Awesome work, great idea.

The step by step of how you made it would be great to see if you can manage it !


----------



## wombat_tree (Nov 30, 2008)

That's really freaking cool! I love the red fleshy parts, they look really slimy and well disgusting . Also I really like how you've painted the carapace, the blue looks lovely.


----------



## Loli (Mar 26, 2009)

Really like it, its nice to see none imperial terrain and such. Really good job


----------



## Dave T Hobbit (Dec 3, 2009)

Very creepy.


----------



## ntaw (Jul 20, 2012)

Coolest looking Tyranid building I've ever seen.


----------



## Khorne's Fist (Jul 18, 2008)

Brilliant looking building, and a fine paint job. Well done.


----------



## locustgate (Dec 6, 2009)

dwez said:


> Amazing Stuff


I...want....to....reduce...that xeno monstrosity to rubble. (This is the single best compliment I can give to terrain)

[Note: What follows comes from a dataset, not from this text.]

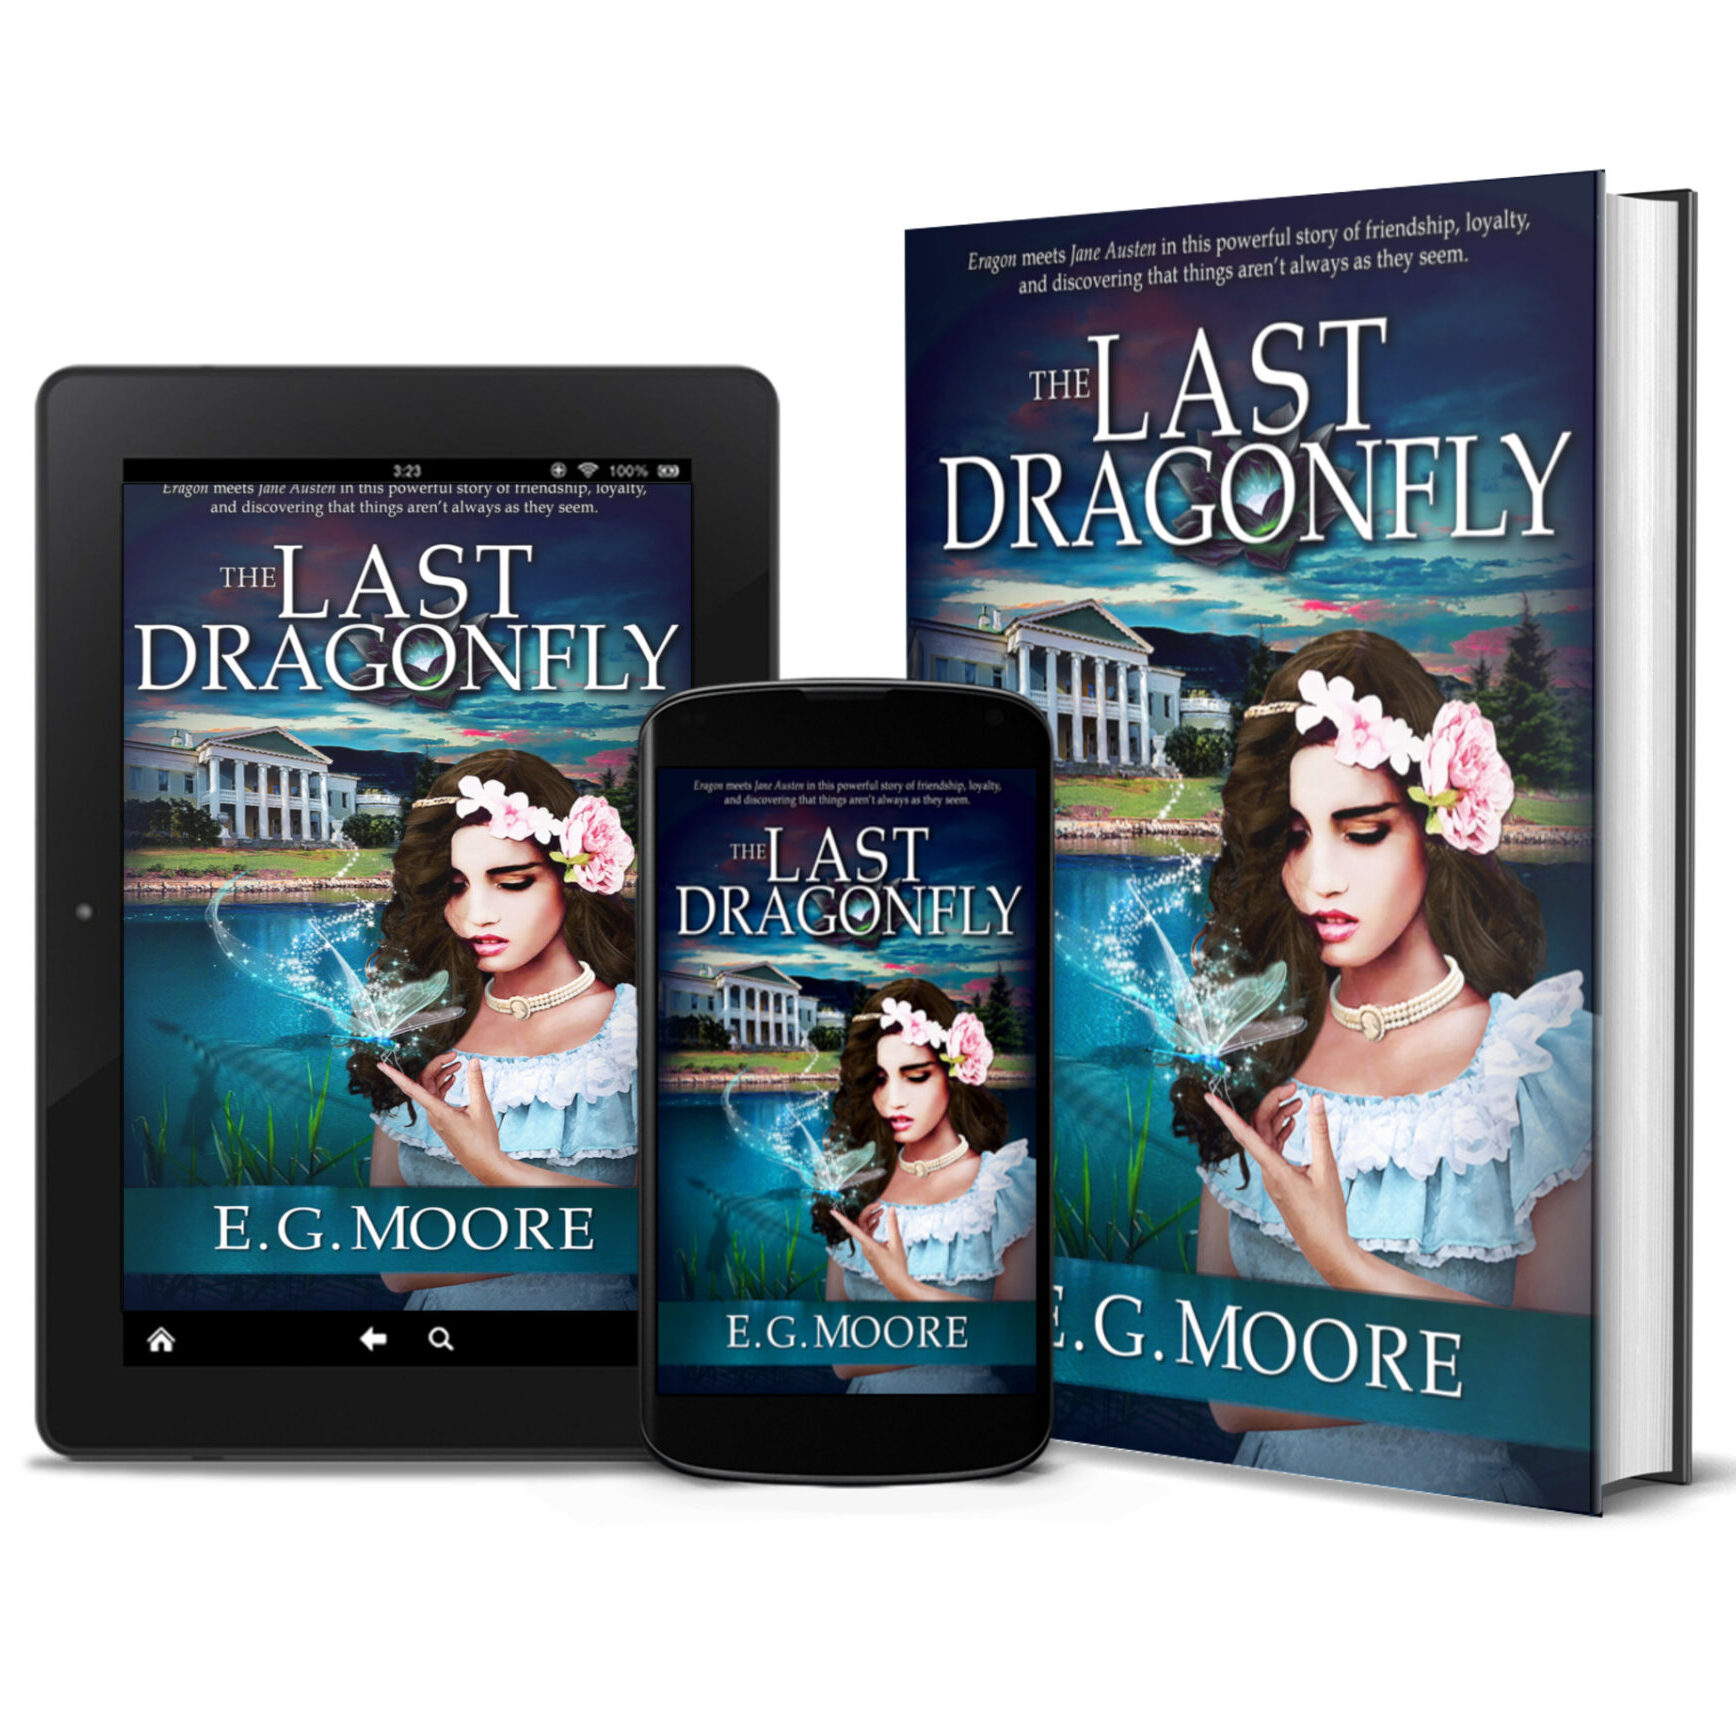 The Last Dragonfly cover triple composite 3D mockup.
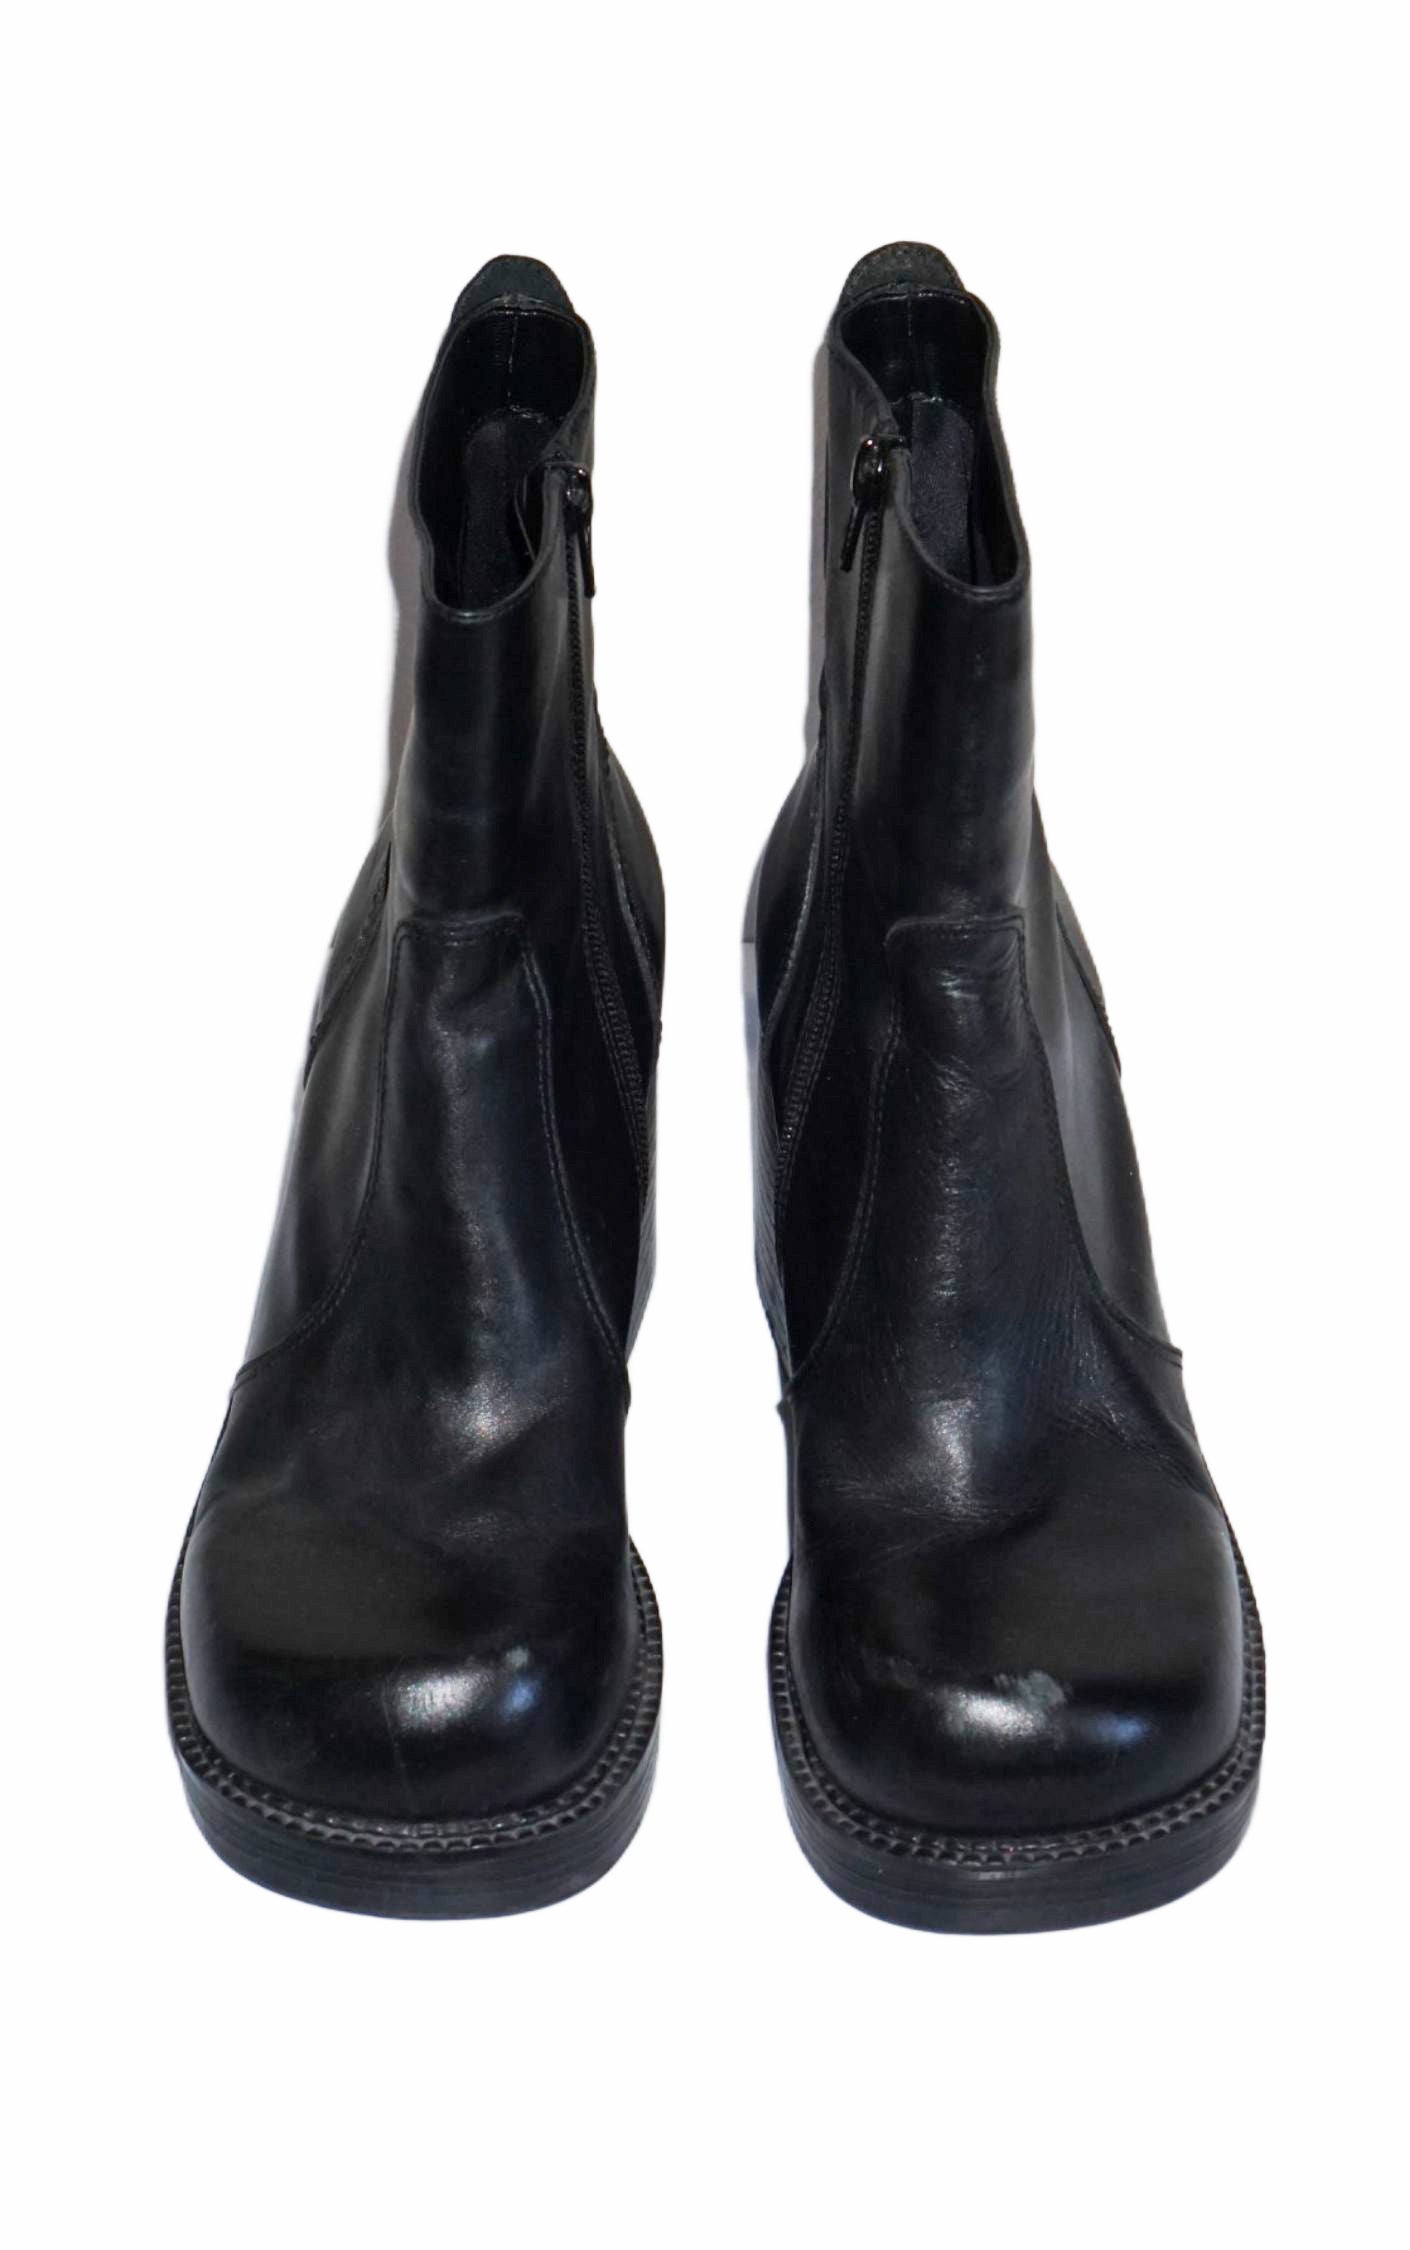 VINTAGE 90s Chunky Heels Square Toe Black Leather Ankle Boots resellum

Edit: Although I guess it wouldn't be rubble but gibs.


----------



## Haskanael (Jul 5, 2011)

that looks awesome! would love to see a tutorial for this, I think a lot of people would love making these for their tyranids.


----------



## Haskanael (Jul 5, 2011)

that looks awesome! would love to see a tutorial for this, I think a lot of people would love making these for their tyranids.


----------



## dwez (Aug 5, 2013)

Here's the historical 'how to' as requested by Magpie_Oz

This was the logical progression from my Tyranid Aegis Defence Line. Of course the logical next step is a Skyshield Landing Platform and then a Fortress of Redemption but lets not run before we can walk.

Occasionally I'll draw myself a little sketch of what I'm after and so my first attempt tried to match the proportions of the existing Imperial Bastion but this is going to be completely scratchbuilt. I'm all for Tyranid infested Imperial terrain but a completely scratchbuilt affair holds appeal for me because it will be unique, match my army, be a challenge and will cost me nothing [importance not in that order].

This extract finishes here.